Die Demonstration war von der Stadt zugelassen und fand auf einer wichtigen Hauptstraße im Zentrum Moskaus statt. Diese Demonstration war wesentlich größer, als die vorhergegangenen, bei denen nur 1.500 bis 4.000 Menschen teilgenommen hatten. Diesmal waren es nach Angaben der Polizei 20.000, nach Angaben der Organisatoren 50.000. Wer sich ein eigenes Bild machen will, kann das auf den oben genannten Video tun. Ich hätte allerdings auf weniger als 20.000 getippt, denn ich kenne die Straße sehr gut, weil ich dort früher oft beruflich gewesen bin.

Der Grund, warum es diesmal mehr Demonstranten waren, dürfte vor allem darin liegen, dass kurzfristig einige bekannte Showstars angekündigt hatten, dort auf der Bühne aufzutreten. Die Stadt Moskau hat darauf hingewiesen, dass das nicht zulässig sei, da gemäß Gesetz der Zweck der Veranstaltung nach Genehmigung nicht ohne Rücksprache mit den Behörden verändert werden dürfe. Also ganz wie in Deutschland: Wer politische Reden ankündigt, kann dort nicht plötzlich ein Konzert veranstalten, schon aus Lärmschutzgründen nicht. Aber Moskau hat es geschehen lassen und einige Musiker sind dort aufgetreten.
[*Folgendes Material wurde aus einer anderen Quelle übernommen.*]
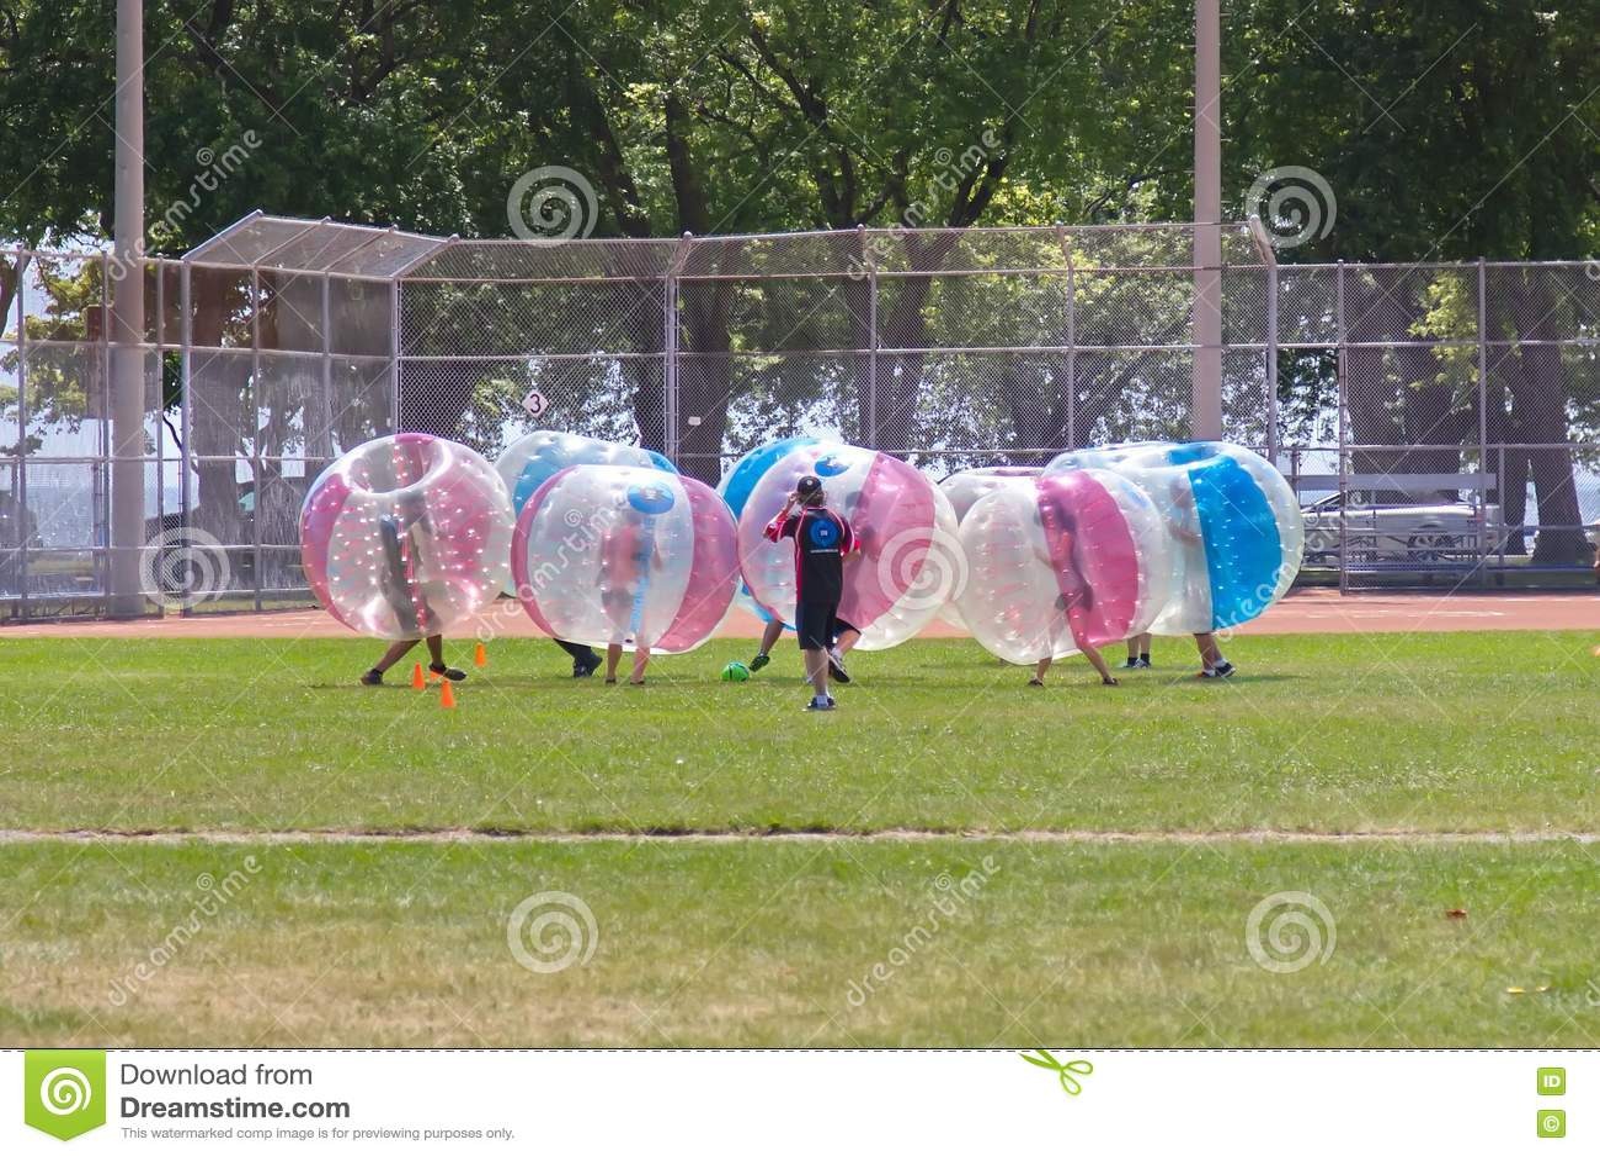 Bubble Madness

Trotzdem war die Aktion ein Misserfolg, denn trotz der vielen Stars und Sternchen kamen viel weniger Menschen, als von den Organisatoren erhofft. Der Spiegel schrieb am Samstagmorgen:

„In Moskau haben die Behörden diesen Sonntag tatsächlich eine Demonstration genehmigt, sie ist für 100.000 Menschen zugelassen. In den vergangenen Wochen hatten sie mehrere Kundgebungen verboten und mehr als 2000 Menschen festgenommen. Die russische Opposition, darunter der inhaftierte Alexej Nawalny, will erreichen, dass ihre Kandidaten zur Stadtratswahl am 8. Dezember zugelassen werden. Sie waren wegen angeblicher Formfehler ausgeschlossen worden. 20 Jahre nach der Inthronisierung Wladimir Putins kann die russische Führung nicht einmal mehr auf kommunaler Ebene echte Demokratie zulassen – das zeigt, wie fragil das gegenwärtige System ist.“

Wir kennen das ja schon vom Spiegel. Er verschweigt seinen Lesern konsequent, dass auch die vorherigen Demonstrationen genehmigt waren, aber dass die Demonstranten sich nicht an die Genehmigungen gehalten haben und stattdessen ganz woanders demonstrieren wollten.